The pair are putting a lot into the community, and are keen to point out that they couldn’t have gotten Summer Strum to the level it is now without the help of their local ukulele connections and a variety of local businesses helping them raise money for worthy causes.
“Last year was Claire House. This year we sadly lost one of our members to a brain tumour. She was cared for at St. John’s so we decided this year that it’d be one of our charities. Also MIND; we want to spread the wellbeing of music. The concerts we do, you see a lot of people smiling and it’s very uplifting,” Pat explains.
“[Summer Strum] wouldn’t happen without our local sponsors. We’ve had a couple of fundraisers so far. Hoylake Rugby Club has been very supportive, not only in using the venue, but they let us host a race night fundraiser recently for free.
“Last year we had local scaffolders Handy Scaff do the stage for us for free, and they’ve offered to help us out this year, too, which we’re really grateful for. We’re currently looking for other local businesses for support with raffle prizes and more.”
“The Holiday Inn are also offering a discount for rooms – the Friday night’s already booked up,” says Emma. “It’s great to see the local community come together when it comes to events like this, and they’ve put up a great raffle prize, too.

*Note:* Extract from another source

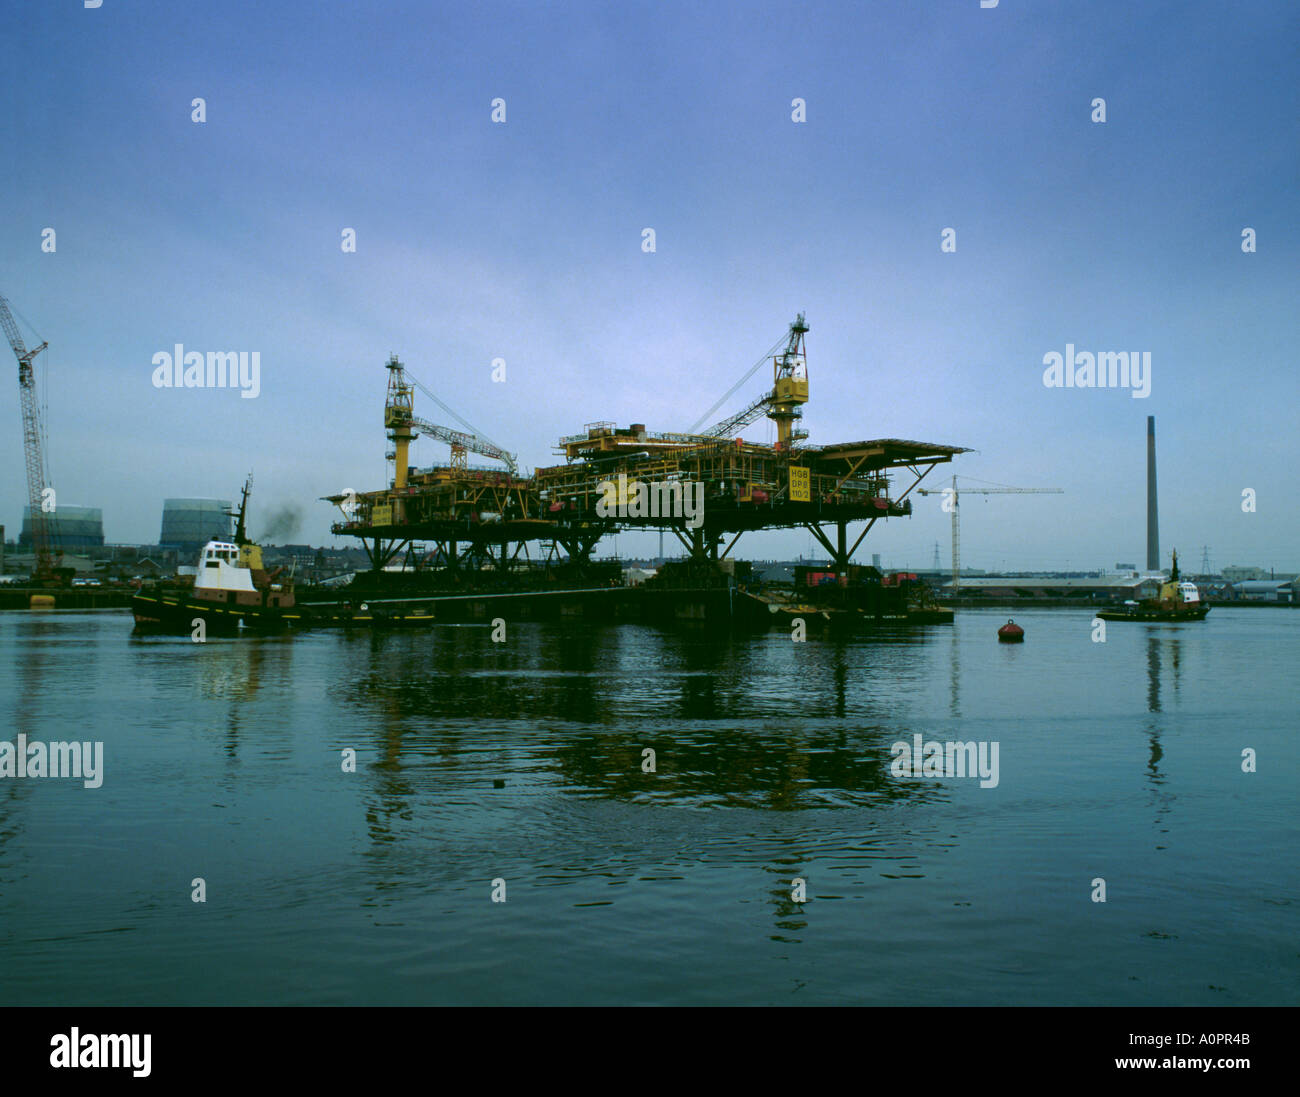 Gas platform loadout, Wallsend, River Tyne, Tyneside, Tyne & Wear, England, UK. Stock Photo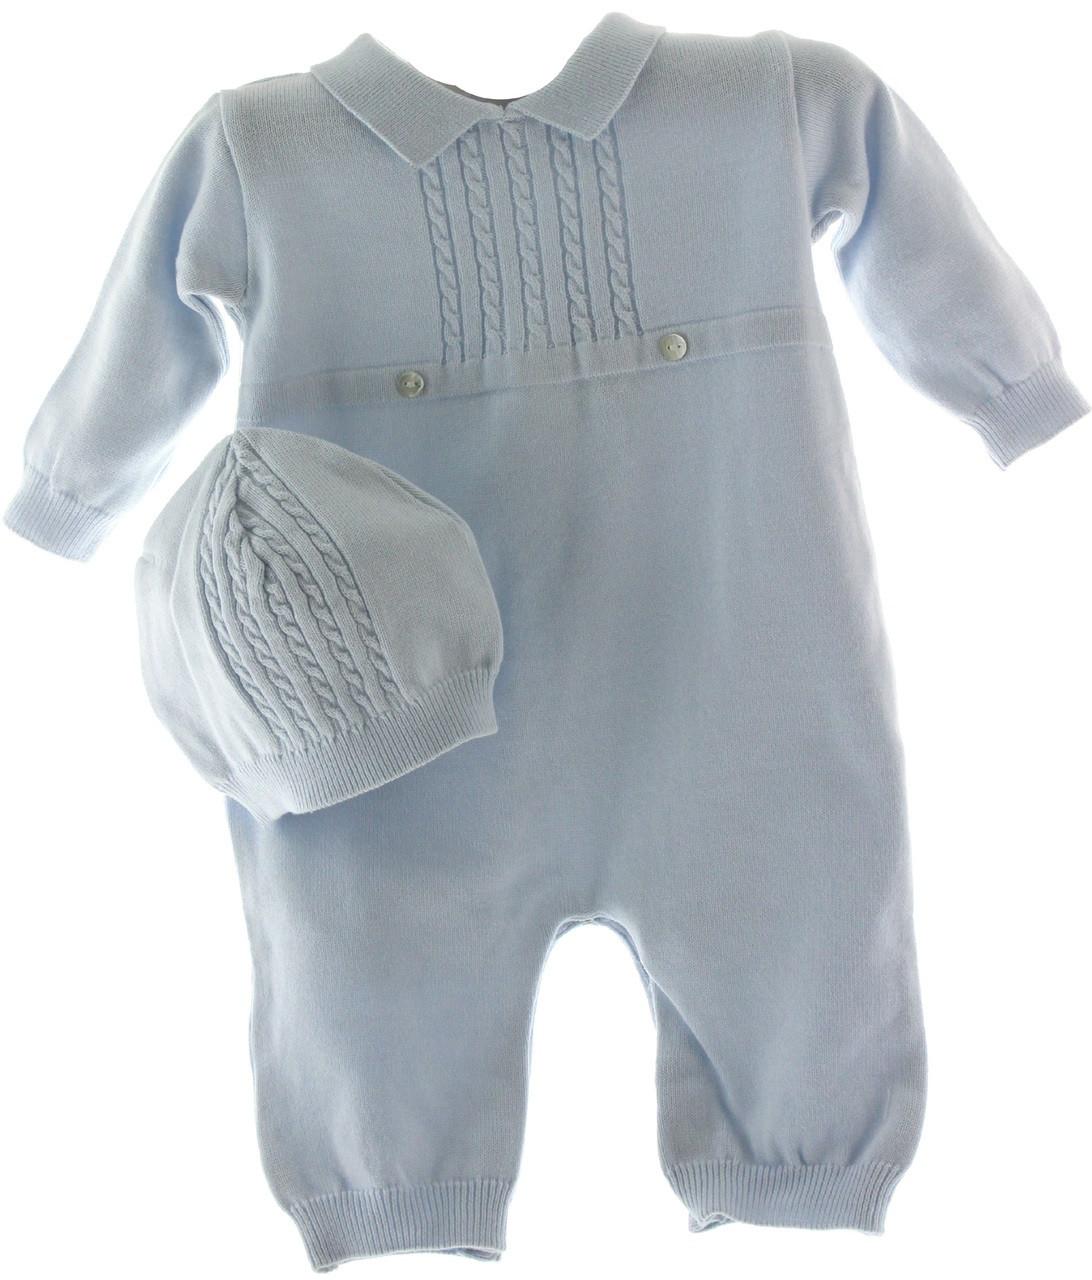 0f66ccc351ba6 Baby Boys Blue Knit Long Sleeve Romper & Hat Set | Knit Layette Sets

“There will be fundraising events on the day to help the charities. We’ll also have workshops for beginners and more advanced players kindly led by members of local bands and the chance to talk with local players and maybe join a group. There are plenty out there!”
Fest of the rest
Despite the growth of Summer Strum into international territories and the good work they’re both doing for the community, Emma and Pat are content to keep it at a local, humble level for the foreseeable future.
“We don’t have any aspirations of it becoming a big thing, we’ll see how it goes,” Emma says. “It’s astounding the amount of Ukulele festivals there are across the country. I saw a new one before; we were inspired by Chester and just wanted one that was local to Merseyside and Cheshire.”
Pat agrees, and highlights how important events like Summer Strum are at helping the community. “There’s already the Great Northern Ukulele Festival which has been going for a while and has also extended to the Great Southern Ukulele Festival. The organiser, Mary Agnes Krell, is just amazing at getting acts from all over the world to come; it’s one of the big ones.
“We are keen to keep it as a free festival so it is community-based and families can come. Festivals can be expensive for families if they have to pay for tickets and accommodation at the more professional festivals.”